When the line with "Revell Tornado ECR" is reached, include it and stop; before that, copy each line of the listing exactly from the first.

BEGIN

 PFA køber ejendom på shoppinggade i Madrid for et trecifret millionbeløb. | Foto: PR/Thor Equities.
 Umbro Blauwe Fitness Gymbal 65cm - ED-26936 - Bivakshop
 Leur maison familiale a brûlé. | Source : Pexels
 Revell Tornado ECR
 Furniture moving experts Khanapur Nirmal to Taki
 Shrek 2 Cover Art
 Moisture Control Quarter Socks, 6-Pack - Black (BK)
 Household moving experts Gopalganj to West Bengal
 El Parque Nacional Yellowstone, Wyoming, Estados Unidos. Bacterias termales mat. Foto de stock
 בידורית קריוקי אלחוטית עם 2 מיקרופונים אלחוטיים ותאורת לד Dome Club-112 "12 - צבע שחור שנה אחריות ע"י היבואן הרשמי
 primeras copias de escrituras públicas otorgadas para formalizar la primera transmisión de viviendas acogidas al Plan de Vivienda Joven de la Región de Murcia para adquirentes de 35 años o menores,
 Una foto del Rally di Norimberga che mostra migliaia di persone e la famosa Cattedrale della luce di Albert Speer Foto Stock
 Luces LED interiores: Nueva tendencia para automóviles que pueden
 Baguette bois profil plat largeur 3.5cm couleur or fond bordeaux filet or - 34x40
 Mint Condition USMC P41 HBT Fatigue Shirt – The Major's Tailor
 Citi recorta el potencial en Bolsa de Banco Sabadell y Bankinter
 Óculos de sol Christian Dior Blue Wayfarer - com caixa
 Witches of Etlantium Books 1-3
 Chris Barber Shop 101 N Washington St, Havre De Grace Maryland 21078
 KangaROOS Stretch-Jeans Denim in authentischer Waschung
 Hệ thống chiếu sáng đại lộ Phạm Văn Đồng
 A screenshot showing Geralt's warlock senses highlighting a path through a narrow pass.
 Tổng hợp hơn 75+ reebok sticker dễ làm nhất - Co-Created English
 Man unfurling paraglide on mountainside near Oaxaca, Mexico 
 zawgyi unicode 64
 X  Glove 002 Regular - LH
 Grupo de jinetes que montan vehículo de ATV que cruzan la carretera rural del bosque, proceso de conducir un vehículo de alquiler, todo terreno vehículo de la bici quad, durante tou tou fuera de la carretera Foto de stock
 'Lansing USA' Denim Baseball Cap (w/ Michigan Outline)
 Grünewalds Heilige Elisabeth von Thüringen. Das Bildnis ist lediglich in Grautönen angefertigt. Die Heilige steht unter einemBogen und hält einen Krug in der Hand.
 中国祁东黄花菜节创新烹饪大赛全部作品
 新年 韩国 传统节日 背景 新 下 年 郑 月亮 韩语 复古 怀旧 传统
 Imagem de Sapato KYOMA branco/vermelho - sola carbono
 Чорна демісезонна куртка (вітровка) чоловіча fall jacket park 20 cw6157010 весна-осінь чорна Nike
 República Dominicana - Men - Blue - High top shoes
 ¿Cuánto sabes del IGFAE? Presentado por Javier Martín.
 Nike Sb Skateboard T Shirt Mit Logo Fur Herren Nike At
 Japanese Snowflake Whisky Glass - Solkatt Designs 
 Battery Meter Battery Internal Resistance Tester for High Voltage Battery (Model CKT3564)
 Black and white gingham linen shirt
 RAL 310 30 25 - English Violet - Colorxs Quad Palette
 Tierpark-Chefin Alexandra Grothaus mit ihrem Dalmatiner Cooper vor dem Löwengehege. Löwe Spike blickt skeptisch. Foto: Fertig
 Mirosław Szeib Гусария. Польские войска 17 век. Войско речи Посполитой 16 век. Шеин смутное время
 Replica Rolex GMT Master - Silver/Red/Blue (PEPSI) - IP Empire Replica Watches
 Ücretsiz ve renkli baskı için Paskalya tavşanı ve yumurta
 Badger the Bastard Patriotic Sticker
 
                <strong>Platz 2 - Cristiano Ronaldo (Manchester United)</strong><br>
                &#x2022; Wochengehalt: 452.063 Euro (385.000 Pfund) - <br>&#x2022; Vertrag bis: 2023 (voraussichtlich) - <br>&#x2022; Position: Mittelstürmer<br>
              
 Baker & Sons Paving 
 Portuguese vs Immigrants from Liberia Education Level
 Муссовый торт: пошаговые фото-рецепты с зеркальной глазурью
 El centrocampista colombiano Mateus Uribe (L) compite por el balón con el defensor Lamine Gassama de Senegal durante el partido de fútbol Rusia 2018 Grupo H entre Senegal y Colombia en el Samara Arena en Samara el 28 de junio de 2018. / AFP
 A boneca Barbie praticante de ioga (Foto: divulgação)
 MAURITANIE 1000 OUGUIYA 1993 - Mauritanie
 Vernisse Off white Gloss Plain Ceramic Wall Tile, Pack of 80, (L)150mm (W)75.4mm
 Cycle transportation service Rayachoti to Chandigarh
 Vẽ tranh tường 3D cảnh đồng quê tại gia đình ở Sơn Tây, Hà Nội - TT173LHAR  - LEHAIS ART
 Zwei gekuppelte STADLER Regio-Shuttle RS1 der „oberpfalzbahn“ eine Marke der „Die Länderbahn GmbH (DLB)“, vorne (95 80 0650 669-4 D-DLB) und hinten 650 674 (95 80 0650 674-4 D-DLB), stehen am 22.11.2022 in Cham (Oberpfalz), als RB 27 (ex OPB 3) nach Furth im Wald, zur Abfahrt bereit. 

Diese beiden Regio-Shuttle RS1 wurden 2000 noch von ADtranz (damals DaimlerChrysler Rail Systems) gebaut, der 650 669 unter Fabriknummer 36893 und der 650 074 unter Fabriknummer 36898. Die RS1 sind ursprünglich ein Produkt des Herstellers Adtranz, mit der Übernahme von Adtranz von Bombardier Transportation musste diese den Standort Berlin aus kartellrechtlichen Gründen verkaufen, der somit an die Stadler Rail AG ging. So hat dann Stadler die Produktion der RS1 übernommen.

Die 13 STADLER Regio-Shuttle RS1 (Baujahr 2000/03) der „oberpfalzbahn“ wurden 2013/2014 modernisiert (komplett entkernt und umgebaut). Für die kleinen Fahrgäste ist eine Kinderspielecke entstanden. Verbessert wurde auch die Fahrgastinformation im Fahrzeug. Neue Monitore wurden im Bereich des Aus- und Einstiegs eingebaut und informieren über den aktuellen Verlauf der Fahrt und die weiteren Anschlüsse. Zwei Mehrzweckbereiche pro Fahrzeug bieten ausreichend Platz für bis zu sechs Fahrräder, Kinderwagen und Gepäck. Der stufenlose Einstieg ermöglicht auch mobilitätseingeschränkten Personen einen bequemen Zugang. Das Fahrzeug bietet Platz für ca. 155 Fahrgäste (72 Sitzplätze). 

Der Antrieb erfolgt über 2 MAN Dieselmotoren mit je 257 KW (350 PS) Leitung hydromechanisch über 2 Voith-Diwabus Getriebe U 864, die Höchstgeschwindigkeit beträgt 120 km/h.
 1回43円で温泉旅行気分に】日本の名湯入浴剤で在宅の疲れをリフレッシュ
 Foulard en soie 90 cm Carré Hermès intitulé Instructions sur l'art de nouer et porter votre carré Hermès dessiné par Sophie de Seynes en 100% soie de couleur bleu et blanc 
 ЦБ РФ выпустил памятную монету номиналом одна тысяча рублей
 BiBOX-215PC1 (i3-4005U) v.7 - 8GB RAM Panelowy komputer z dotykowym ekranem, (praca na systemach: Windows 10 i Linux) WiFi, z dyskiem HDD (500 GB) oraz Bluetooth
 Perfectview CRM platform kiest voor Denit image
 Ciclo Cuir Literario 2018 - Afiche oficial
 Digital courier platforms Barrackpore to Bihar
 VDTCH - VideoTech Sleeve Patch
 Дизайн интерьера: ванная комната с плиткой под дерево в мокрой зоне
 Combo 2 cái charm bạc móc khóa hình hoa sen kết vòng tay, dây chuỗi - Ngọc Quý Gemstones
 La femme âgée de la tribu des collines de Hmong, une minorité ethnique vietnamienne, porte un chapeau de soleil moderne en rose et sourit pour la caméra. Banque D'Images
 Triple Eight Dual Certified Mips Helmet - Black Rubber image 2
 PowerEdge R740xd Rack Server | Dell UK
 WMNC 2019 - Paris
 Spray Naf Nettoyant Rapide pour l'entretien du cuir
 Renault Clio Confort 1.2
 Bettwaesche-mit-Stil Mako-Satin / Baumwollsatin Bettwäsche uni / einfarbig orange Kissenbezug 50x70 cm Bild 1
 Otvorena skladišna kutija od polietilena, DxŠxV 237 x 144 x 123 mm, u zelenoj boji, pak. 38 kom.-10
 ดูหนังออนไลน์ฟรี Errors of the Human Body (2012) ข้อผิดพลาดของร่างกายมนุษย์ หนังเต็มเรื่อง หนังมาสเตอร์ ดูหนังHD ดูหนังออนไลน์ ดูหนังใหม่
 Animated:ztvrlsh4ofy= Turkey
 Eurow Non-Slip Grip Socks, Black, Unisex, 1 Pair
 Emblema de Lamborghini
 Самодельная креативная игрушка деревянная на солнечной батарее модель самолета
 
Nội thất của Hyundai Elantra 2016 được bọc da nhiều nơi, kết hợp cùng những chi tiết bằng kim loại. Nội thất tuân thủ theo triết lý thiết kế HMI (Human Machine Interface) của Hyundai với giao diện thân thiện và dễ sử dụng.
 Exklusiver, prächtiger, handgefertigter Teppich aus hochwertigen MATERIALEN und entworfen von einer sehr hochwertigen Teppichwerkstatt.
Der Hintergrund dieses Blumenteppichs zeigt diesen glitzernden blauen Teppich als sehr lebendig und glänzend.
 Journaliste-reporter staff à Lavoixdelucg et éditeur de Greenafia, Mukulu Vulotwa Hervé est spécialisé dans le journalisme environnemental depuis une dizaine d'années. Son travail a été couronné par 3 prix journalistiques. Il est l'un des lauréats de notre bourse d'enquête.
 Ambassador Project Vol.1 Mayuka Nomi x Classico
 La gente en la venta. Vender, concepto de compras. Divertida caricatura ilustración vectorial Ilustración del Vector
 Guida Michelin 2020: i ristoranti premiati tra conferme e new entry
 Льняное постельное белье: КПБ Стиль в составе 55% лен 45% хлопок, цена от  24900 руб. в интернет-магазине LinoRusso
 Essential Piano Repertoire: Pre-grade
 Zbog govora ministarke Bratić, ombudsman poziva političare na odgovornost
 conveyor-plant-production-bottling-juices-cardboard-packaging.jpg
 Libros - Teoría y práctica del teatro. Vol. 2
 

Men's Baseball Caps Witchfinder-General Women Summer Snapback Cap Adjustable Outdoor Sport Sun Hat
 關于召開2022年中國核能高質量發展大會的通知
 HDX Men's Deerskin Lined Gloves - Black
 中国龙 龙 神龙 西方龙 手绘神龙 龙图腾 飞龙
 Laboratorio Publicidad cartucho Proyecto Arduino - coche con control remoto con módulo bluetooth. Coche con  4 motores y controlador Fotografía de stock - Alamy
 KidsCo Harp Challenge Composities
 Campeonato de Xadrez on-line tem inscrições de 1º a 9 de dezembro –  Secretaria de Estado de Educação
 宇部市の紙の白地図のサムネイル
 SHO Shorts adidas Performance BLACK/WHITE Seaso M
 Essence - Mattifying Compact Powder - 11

END

* **Response box**
 PFA køber ejendom på shoppinggade i Madrid for et trecifret millionbeløb. | Foto: PR/Thor Equities.
 Umbro Blauwe Fitness Gymbal 65cm - ED-26936 - Bivakshop
 Leur maison familiale a brûlé. | Source : Pexels
 Revell Tornado ECR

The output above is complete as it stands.